梁钧尧这个前倾的姿势腰不是很舒服,又靠了回去,想了想道:“他会觉得你是在跟他炫耀,在羞辱他。”

    “没错。”

    梁钧尧叹了口气,“他这个倔得不得了的性格真的跟我那个弟弟很像,不听劝,固执,就是炳南更鲁莽了些,他心不坏,只要好好教是能拉回来的。”

    不管站在哪个立场上,他都不希望周挽商和章炳南反目成仇,虽然现在就差不多了。

    周挽商没搭这句话,问道:“再睡会儿?”

    梁钧尧摇摇头,“有点累,但是也不困,我看出太阳了。”

    “行,晒晒太阳,能睡着的话再睡会儿。”

    “嗯。”梁钧尧应了声,又道,“还有件事儿跟你说下,我父母的车祸似乎不是意外,而是人为,彭楚彦知道些东西,我拜托他帮忙调查,你别误会啊,他现在也知道我不会跟他在一起,不抱这个打算,就是希望以后他有事儿我能帮忙。”

    周挽商沉默了下,道:“知道了,可以从曹一鸣和他父亲下手查查,我觉得他们八成脱不开关系,即便真的跟你父母的死无关,也一定有别的牵扯。”
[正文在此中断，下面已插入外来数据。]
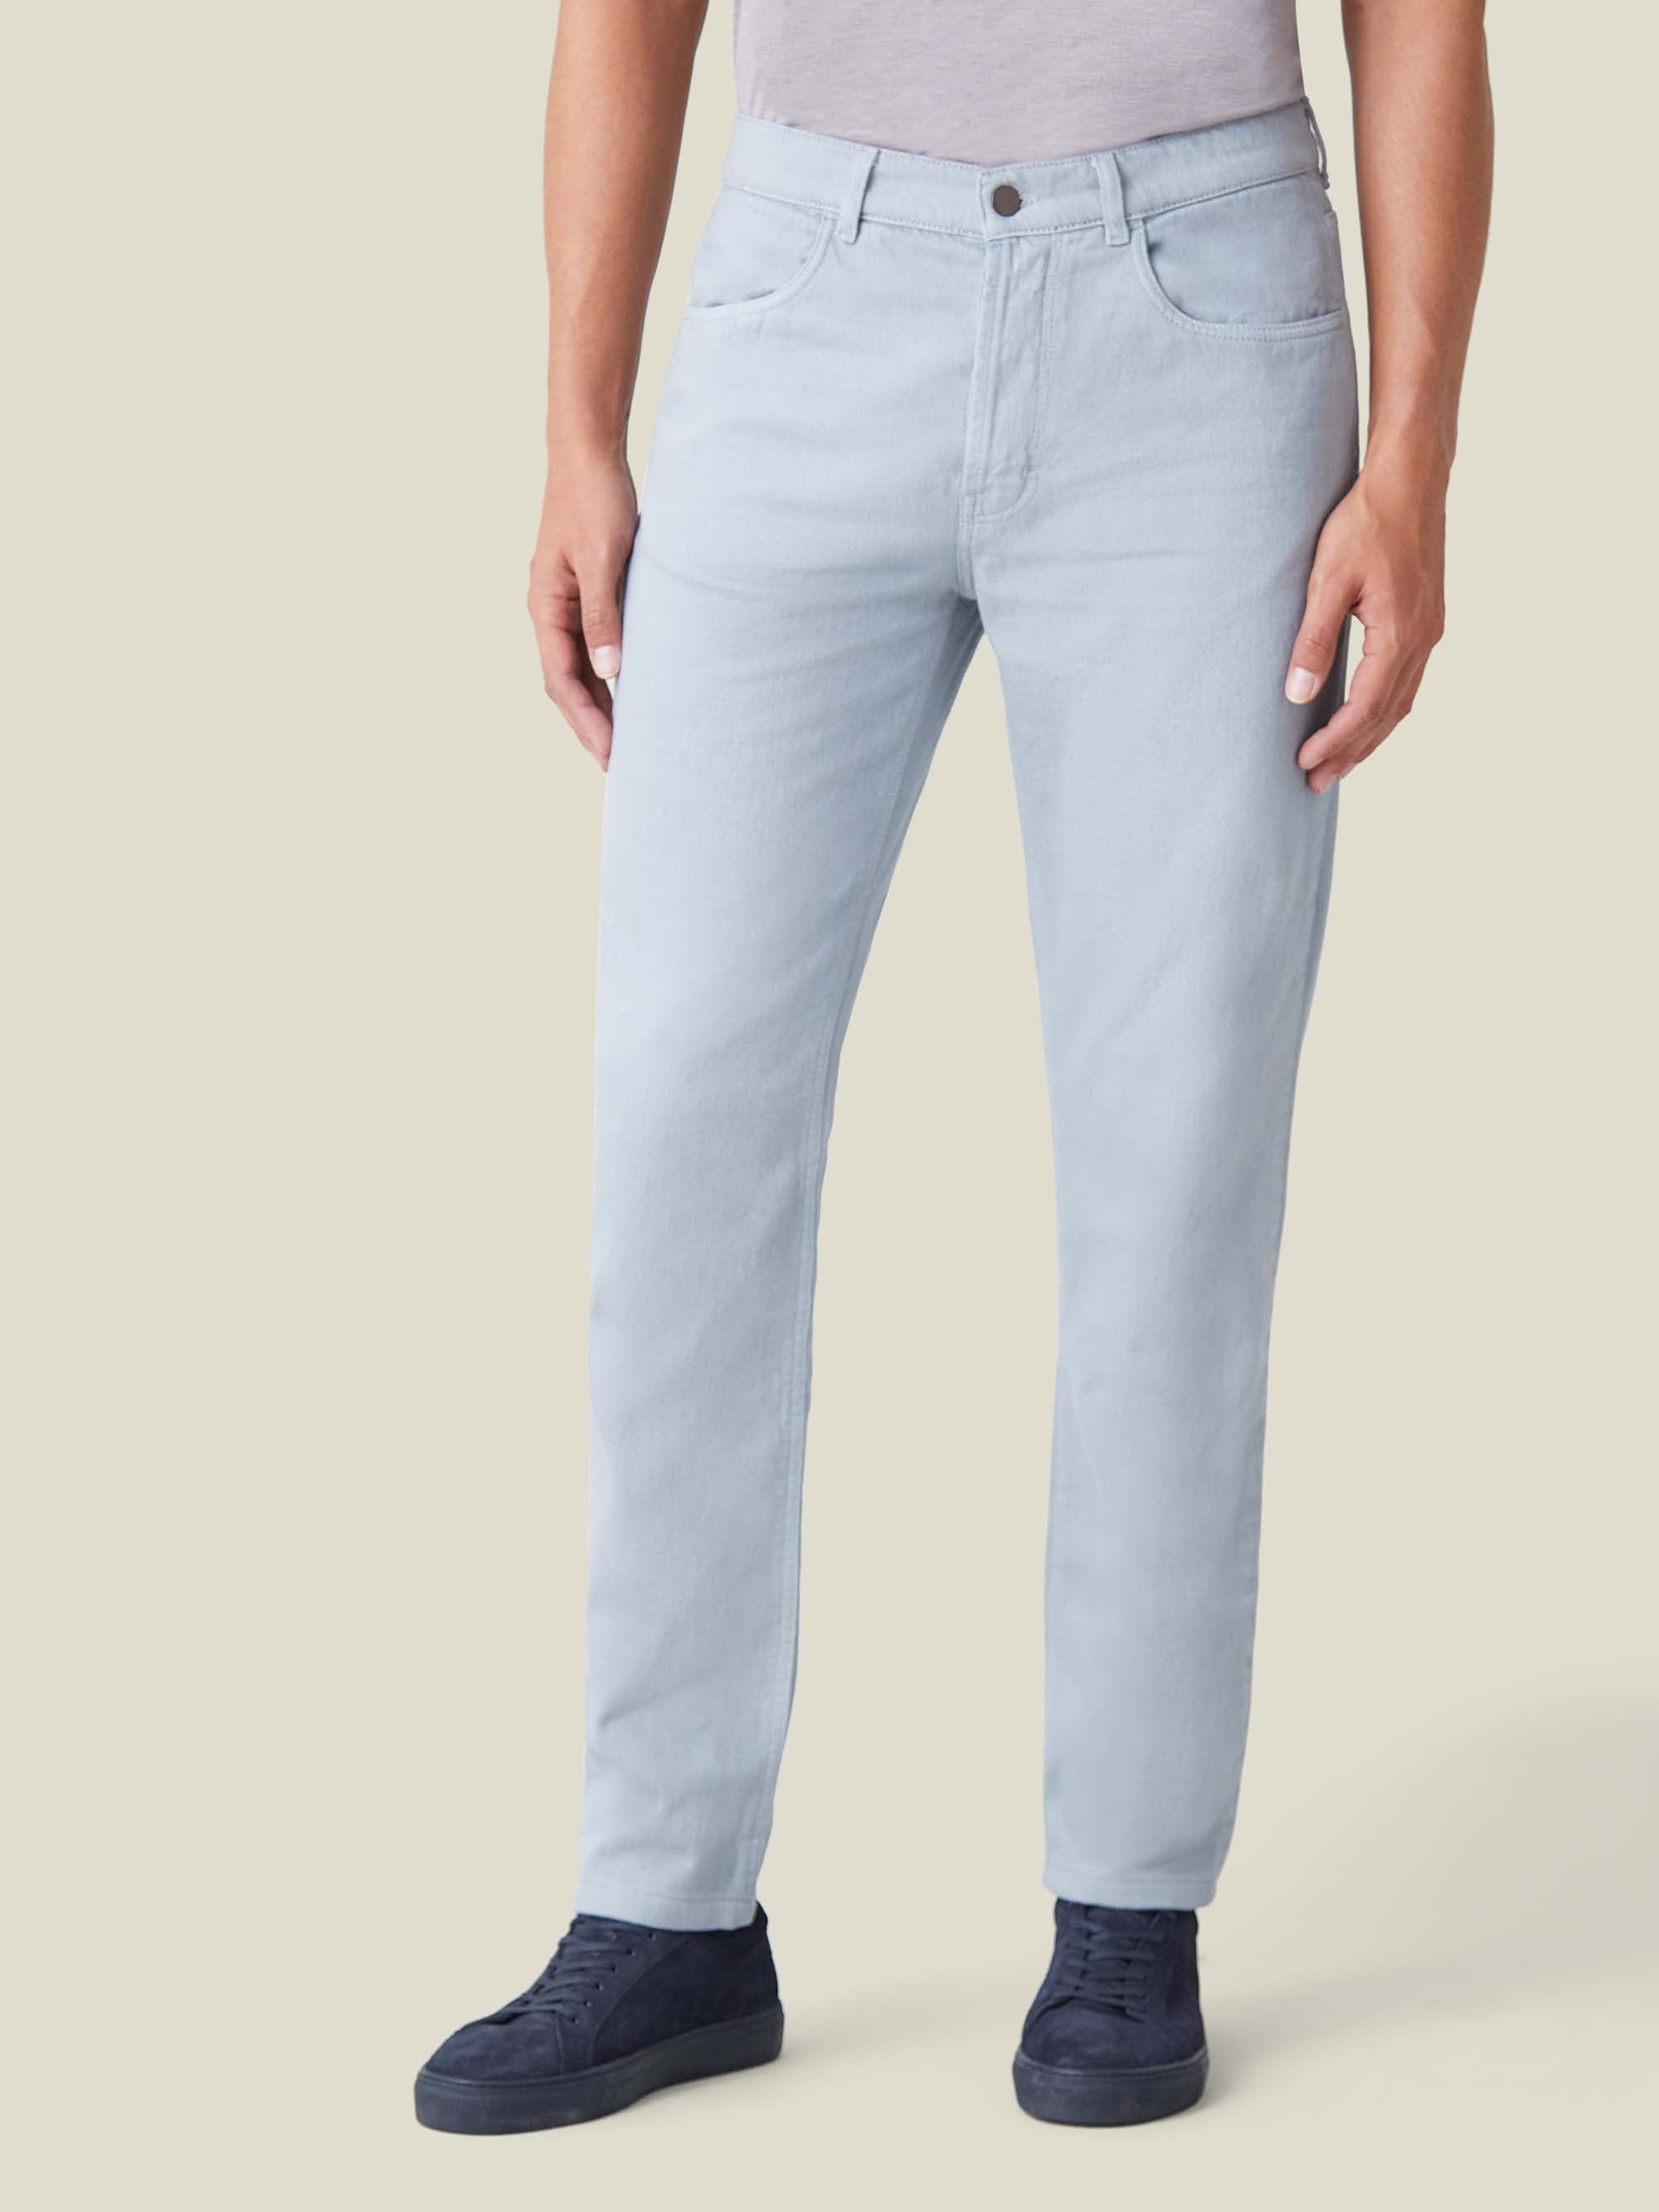 Light Grey Jeans product

    想到之前发生的事,梁钧尧点点头,“是应该再仔细查查。”

    把人抱到客厅阳台的落地窗前安置好,周挽商拿了毯子过来,又在旁边小桌上准备了茶和点心,“我就在书房,有事叫我,不许光着脚下地,有地毯也不行。”

    梁钧尧被安排得明明白白,他被抱过来自然没穿鞋,对方还给路都堵上,他也不反驳了,知道周挽商是去安排那些资源,也没多说,顺从地点了点头。

    周挽商确实是在安排。

    他最近快一年虽然不怎么经营人脉,但在圈中地位是有的,给一些资源不过手到擒来,他以前交友很广,关系也硬。

    等他把事情谈好回到客厅时,梁钧尧果然睡着了。

    冬日的阳光难得暖融融地洒进来,将躺椅上的人整个笼罩进去,好像镀上了一层浅浅的暖光。
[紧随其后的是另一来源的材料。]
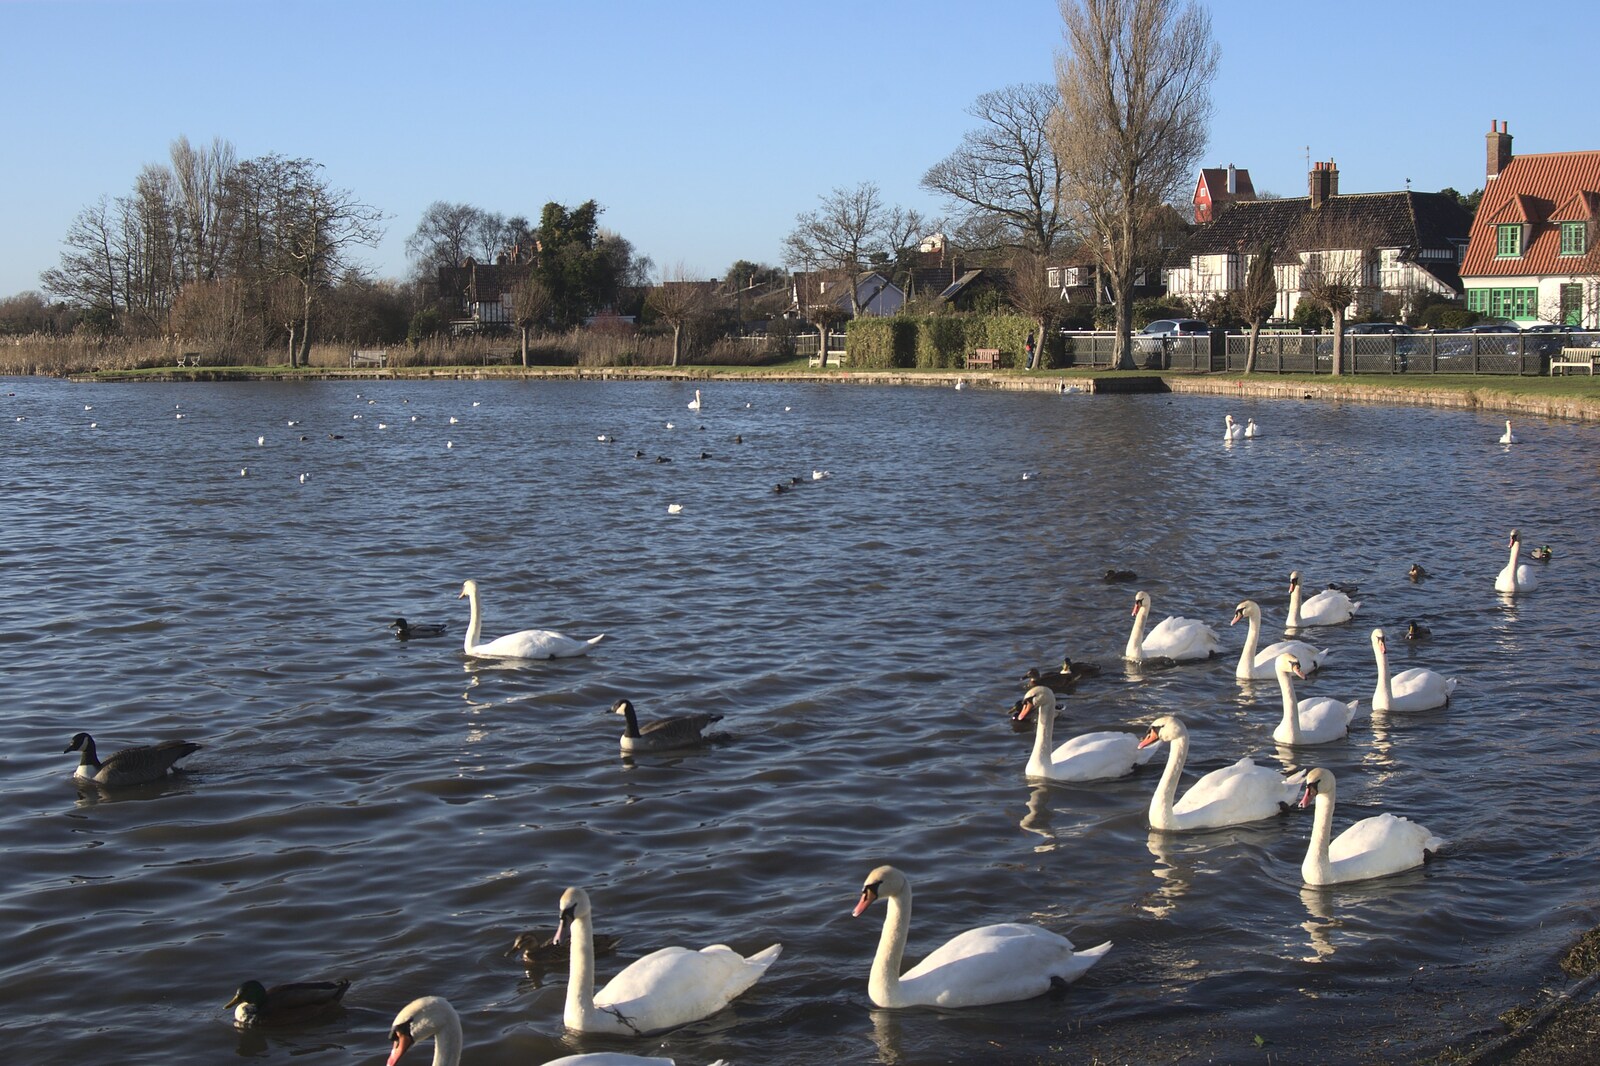 A Trip to Thorpeness, Suffolk - 9th January 2011: A bunch of swans

    梁钧尧睡得安稳,呼吸很轻,嘴唇微肿,看上去有些稚气——是他昨晚的杰作。

    第39章 是相爱 不是报复

    路易趴在垫子上打盹,查理就卧在梁钧尧怀里,察觉他过来,只睁开眼瞧了下就又闭上了,尾巴从梁钧尧腿上垂下来,一甩一甩,惬意得很。

    周挽商看着,心里冰封的深潭底下似乎有带着暖意的小气泡咕嘟咕嘟涌上来,打在坚硬的冰层上,一下一下,前仆后继,终于——

    冰面上裂了缝,有阳光照进潭底。

    周挽商抬手摸了下唇角,都没有意识到自己在笑,他弯腰凑近梁钧尧,盯着熟睡的人,微微叹息。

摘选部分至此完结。